Clustering genes based on expression patterns

Genes used for clustering were obtained from the Tuxedo protocol with FPKM > 0 at at least one time point examined. Genes with similar expression patterns were clustered through hierarchical clustering using hclust in R. Gene Ontology enrichment analysis was done in Gorilla using default parameters [67].

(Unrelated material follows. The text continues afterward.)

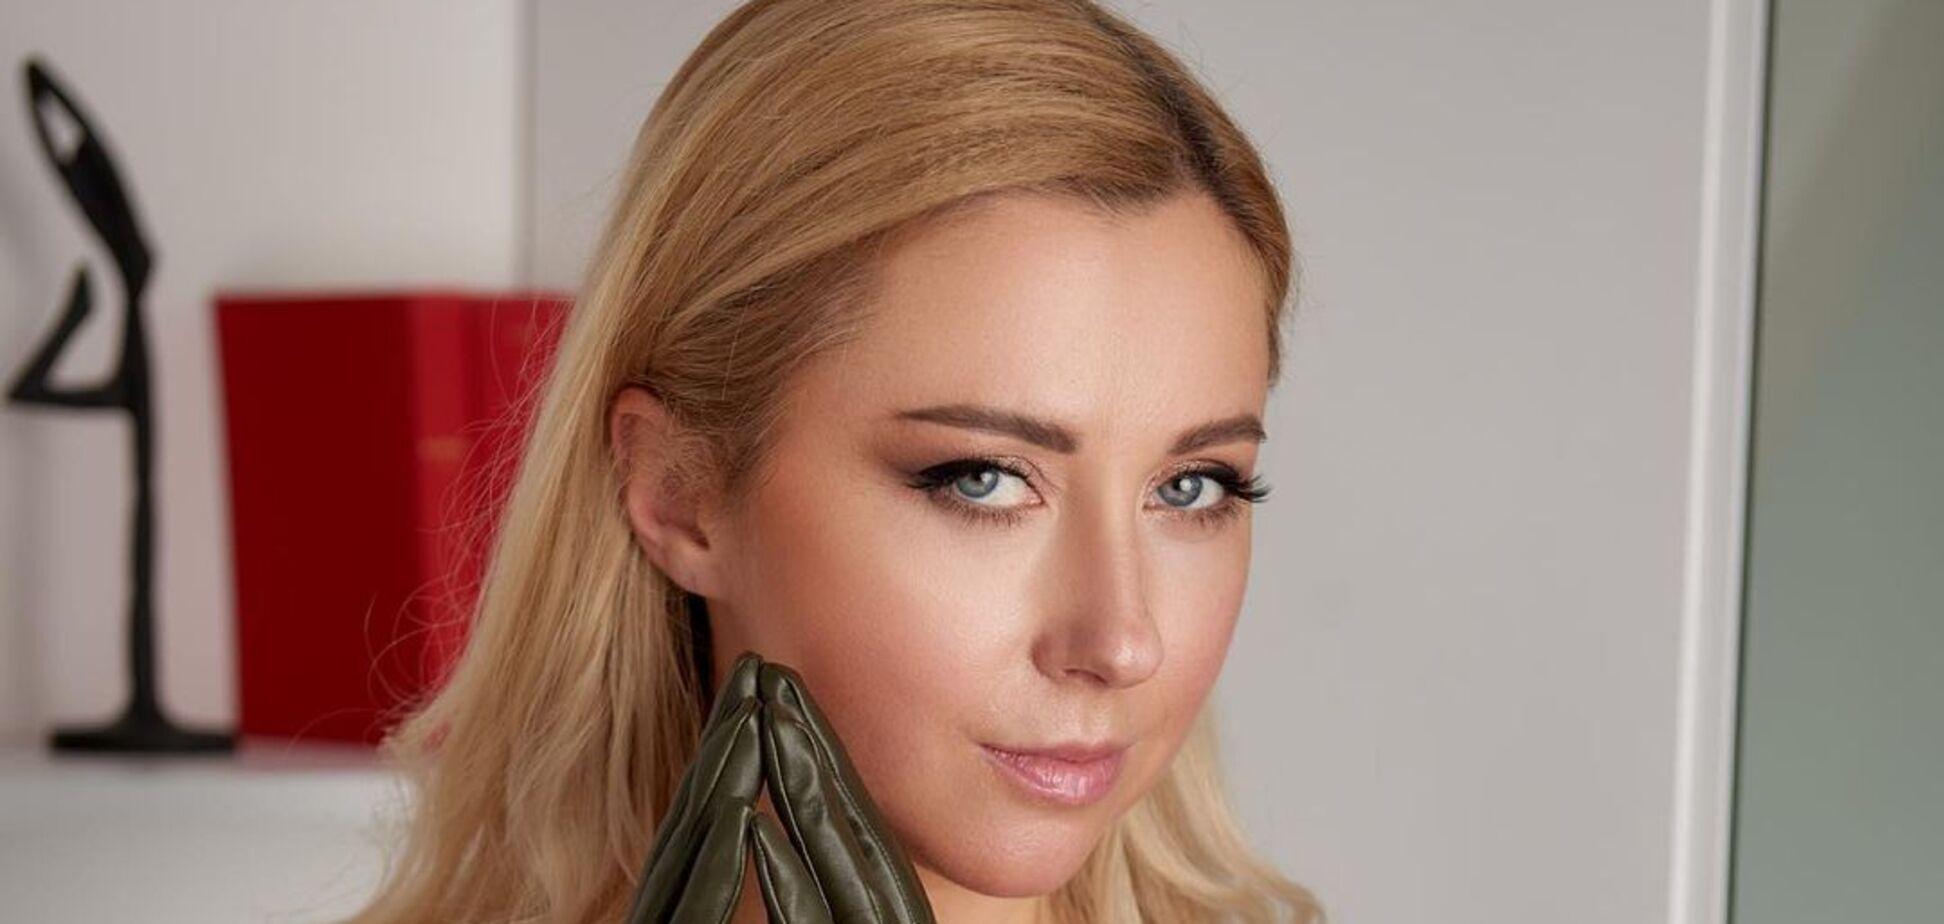 Тоня Матвиенко позировала в платье.

Attributing chromatin states to genes and gene expression clusters

ChIP-seq datasets of hPTMs and CTCF were obtained from a previous study [18] using a similar cell source, differentiation protocol and time line. ChIP-seq reads were re-mapped using bowtie and ‘-best’ default settings. hPTM and CTCF enrichment data were converted into chromatin states in consecutive 200-base pair bins using ChromHMM [19]. Options were selected to learn a 15-state model using the Baum-Welch training algorithm. States were linked to genes by computing the presence of a given state in the gene body plus a 10 kb extension upstream and downstream (‘gene ± 10 kb’) to take into account regulatory regions. This 10 kb value was set to 50% of the upper quantile of the distance of a changing chromatin state to the nearest gene/upstream or downstream) during differentiation. We found the mean distance to be 20 kb, calculated from the following data: 22.31 kb at the D-2/D0 transition, 22.52 kb at the D0/D3 transition, and 22.81 kb at the D3/D9 transition (data not shown). Note that increasing the extension window size from 10 kb to 22 kb did not significantly alter the number of chromatin states attributed to genes (data not shown). Chromatin state counts were normalized between gene expression clusters by dividing the number of genes (±10 kb) containing a given chromatin state at each differentiation time point by the total number of genes in each entire expression cluster. This generated ‘gene ratios’, which were used in statistical analyses. Normalization enabled a comparison of chromatin state levels within and between gene expression clusters.

Statistical analyses

Statistical analyses were done in R. Regression and correlation analysis of chromatin state enrichment as a function of gene expression level was done using the Pearson method from numbers of chromatin states in gene regions (gene ± 10 kb; see above) and log (FPKM + 1) values. P-values for differences in enrichment of a chromatin state between differentiation time points were calculated using parametric one sample t-tests and Bonferroni correction to remove false positives, comparing each gene ratio difference to the overall difference in ratios in the cluster. Differences between clusters for chromatin state enrichment were identified using a non-parametric two sample Wilcoxon test and Bonferroni correction to remove false positives, as samples showed a skewed distribution; to this end, we used gene ratios at each time point for one cluster and compared them to all other clusters in a pair-wise manner. Differences in overall significance of chromatin state changes between clusters were tested by a non-parametric one-sided Wilcoxon test since distribution of the P-values was skewed. Graphs identifying the overall differences in the significance of P-values (chromatin state changes) were generated by computing the -log10 value of the sum of the P-values.

Data viewing

Browser views of gene tracks, ChIP-seq data and chromatin states are shown using Integrated Genomics Viewer (IGV; broadinstitute.org/igv) [68]. Unless otherwise stated genes considered in the analyses are from the Illumina iGenomes gene annotation with UCSC data source for hg19 (support.illumina.com/sequencing/sequencing_software/igenome.ilmn).

Data access

Our RNA-seq data are available from NCBI GEO accession number GSE60237. Published ChIP-seq data [18] were from NCBI GEO accession number GSE20752.